(ASSIGNMENT): Copy, word for word, the lines below from the one containing "Parakeet breeding in" up to and including the one containing "Beautiful smiling gymnast", with pictures left out.

### SOURCE INFORMATION

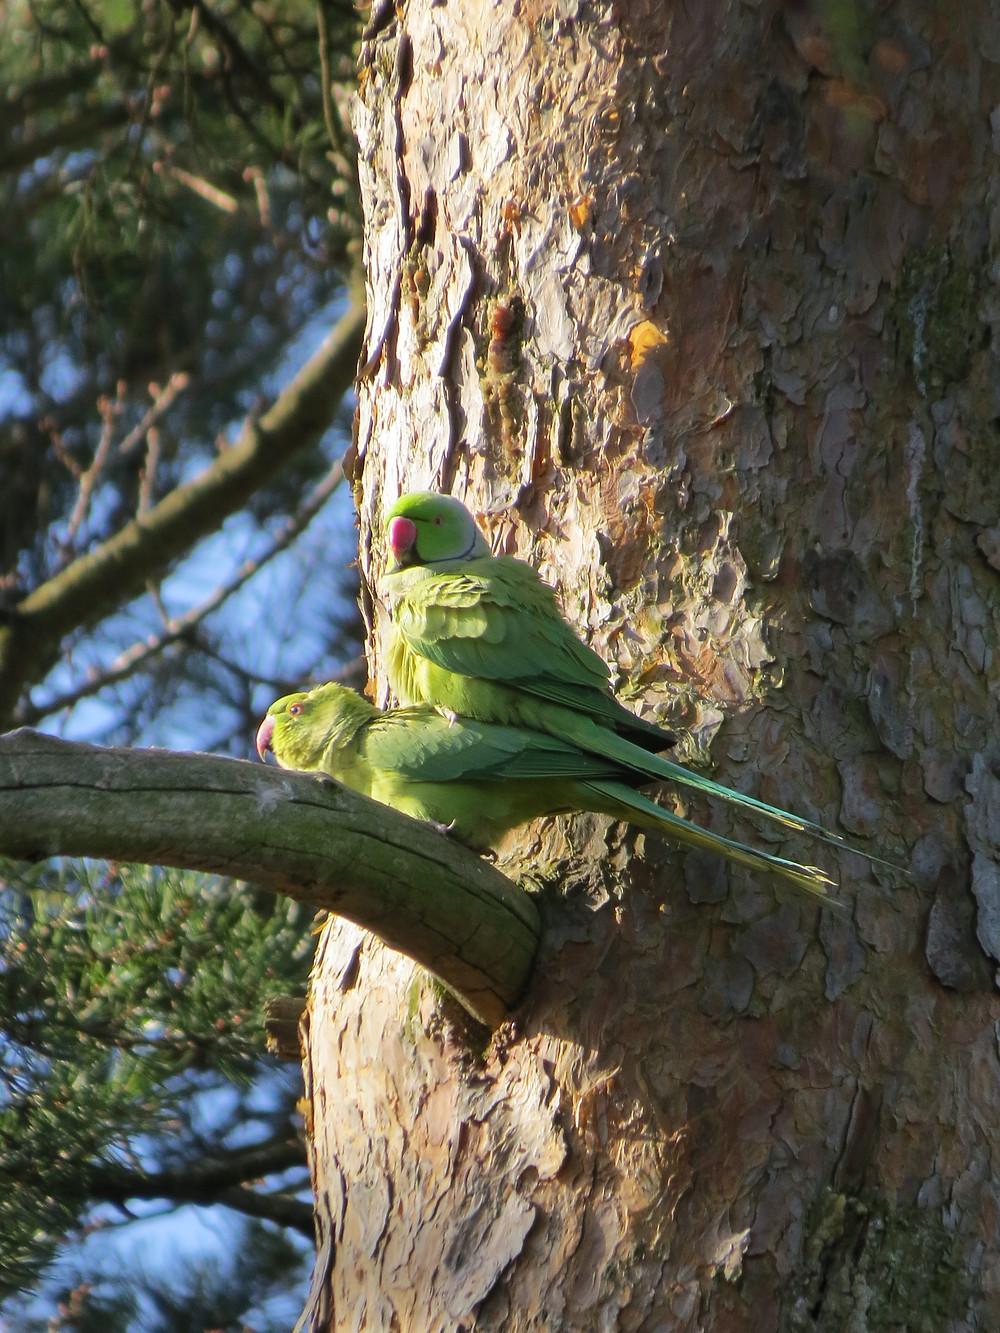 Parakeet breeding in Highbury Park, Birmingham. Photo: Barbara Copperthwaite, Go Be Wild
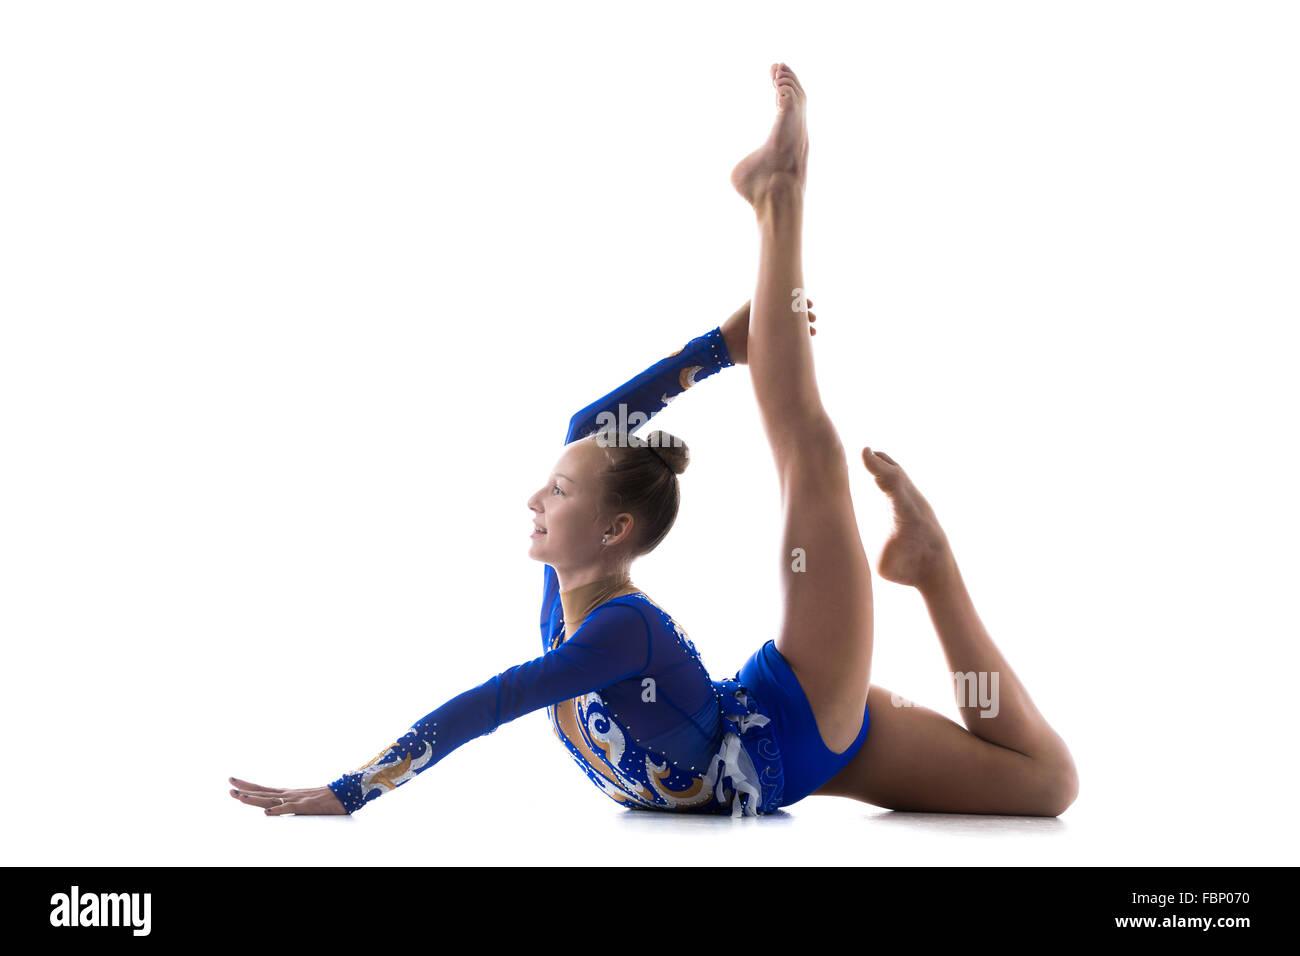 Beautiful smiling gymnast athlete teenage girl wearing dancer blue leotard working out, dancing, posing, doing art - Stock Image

######
### SOURCE INFORMATION

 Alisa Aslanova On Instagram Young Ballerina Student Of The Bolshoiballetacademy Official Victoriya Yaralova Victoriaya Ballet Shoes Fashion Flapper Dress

######
### SOURCE INFORMATION

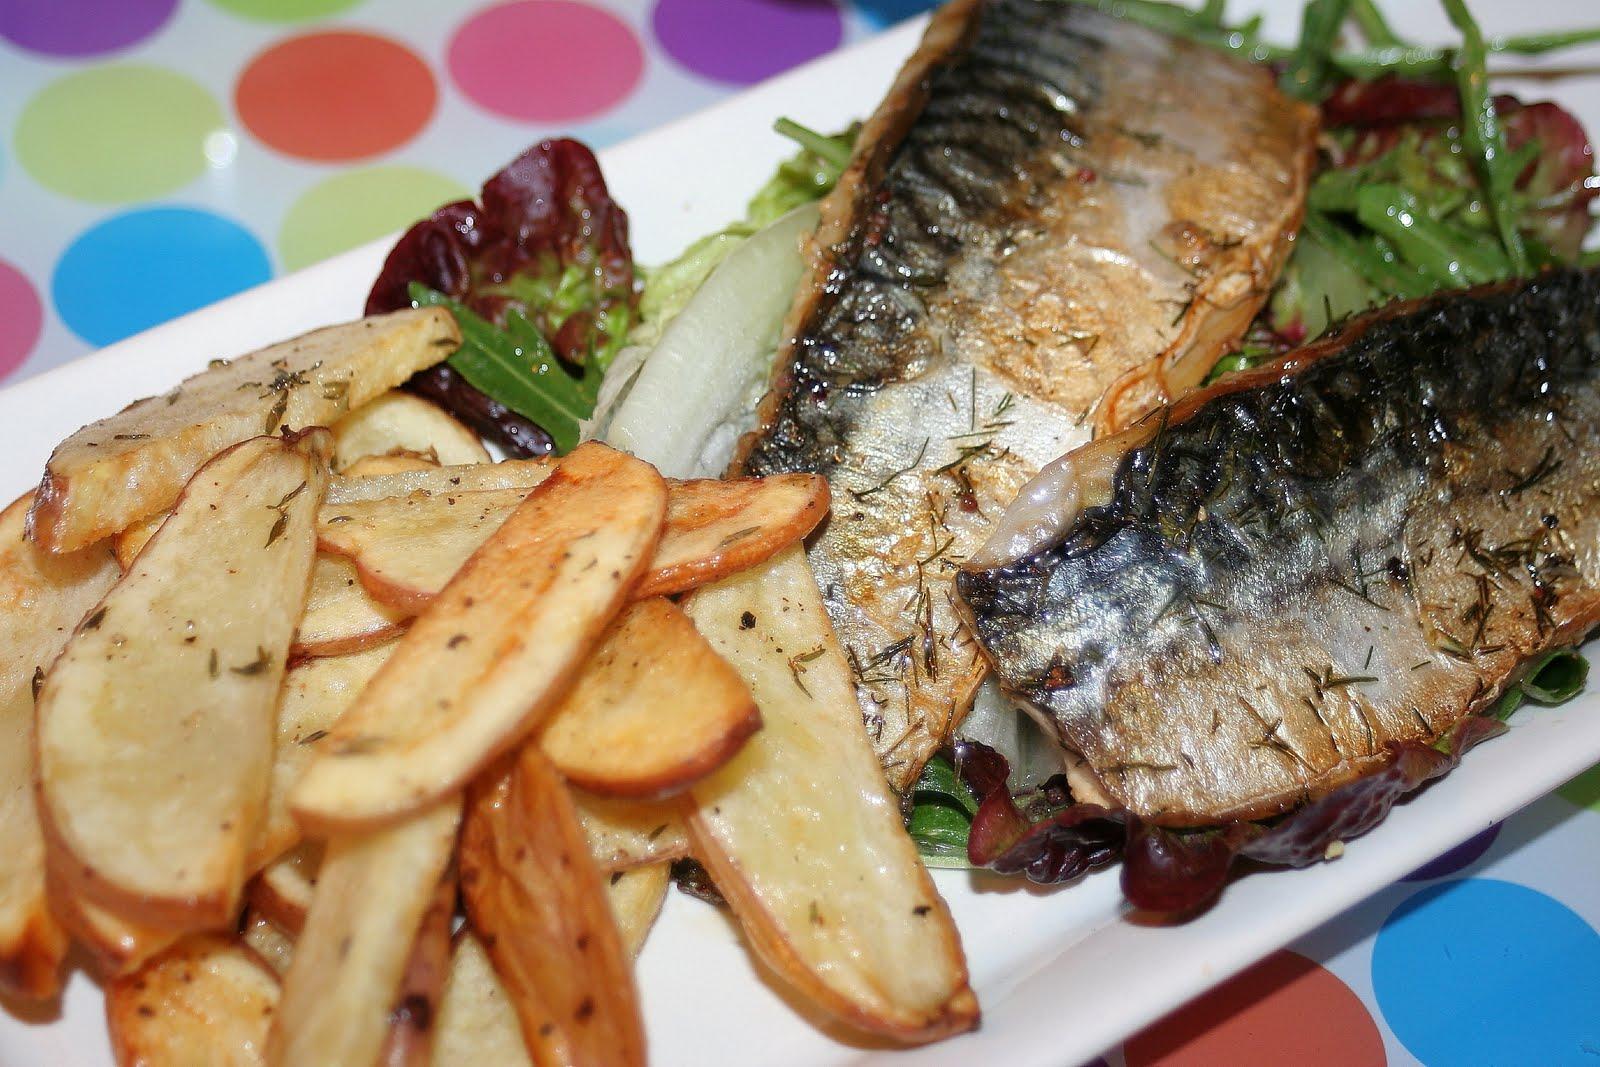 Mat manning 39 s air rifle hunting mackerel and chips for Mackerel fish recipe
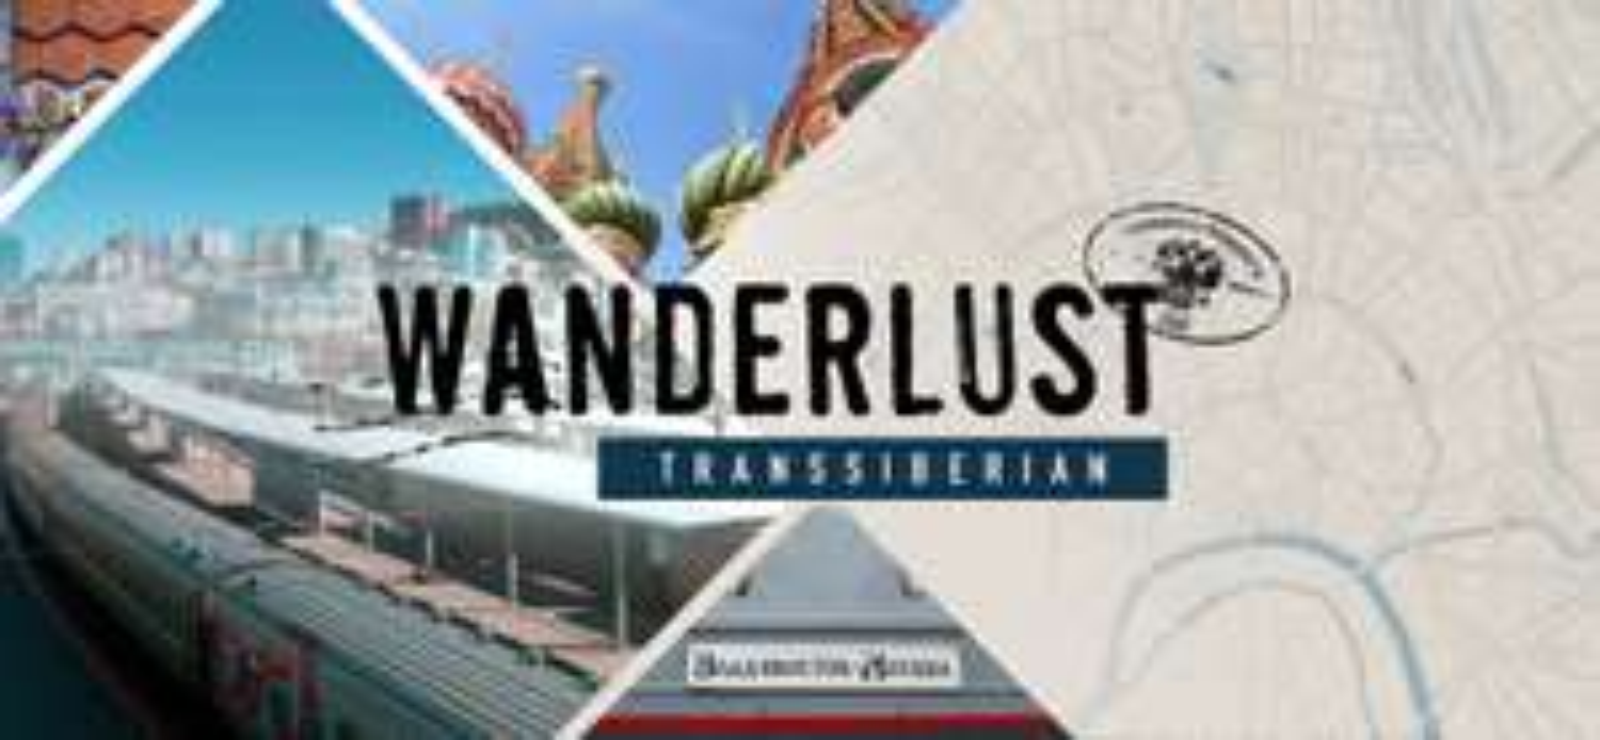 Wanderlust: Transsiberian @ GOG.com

######

(EXERCISE RESPONSE):
 Parakeet breeding in Highbury Park, Birmingham. Photo: Barbara Copperthwaite, Go Be Wild
 Beautiful smiling gymnast athlete teenage girl wearing dancer blue leotard working out, dancing, posing, doing art - Stock Image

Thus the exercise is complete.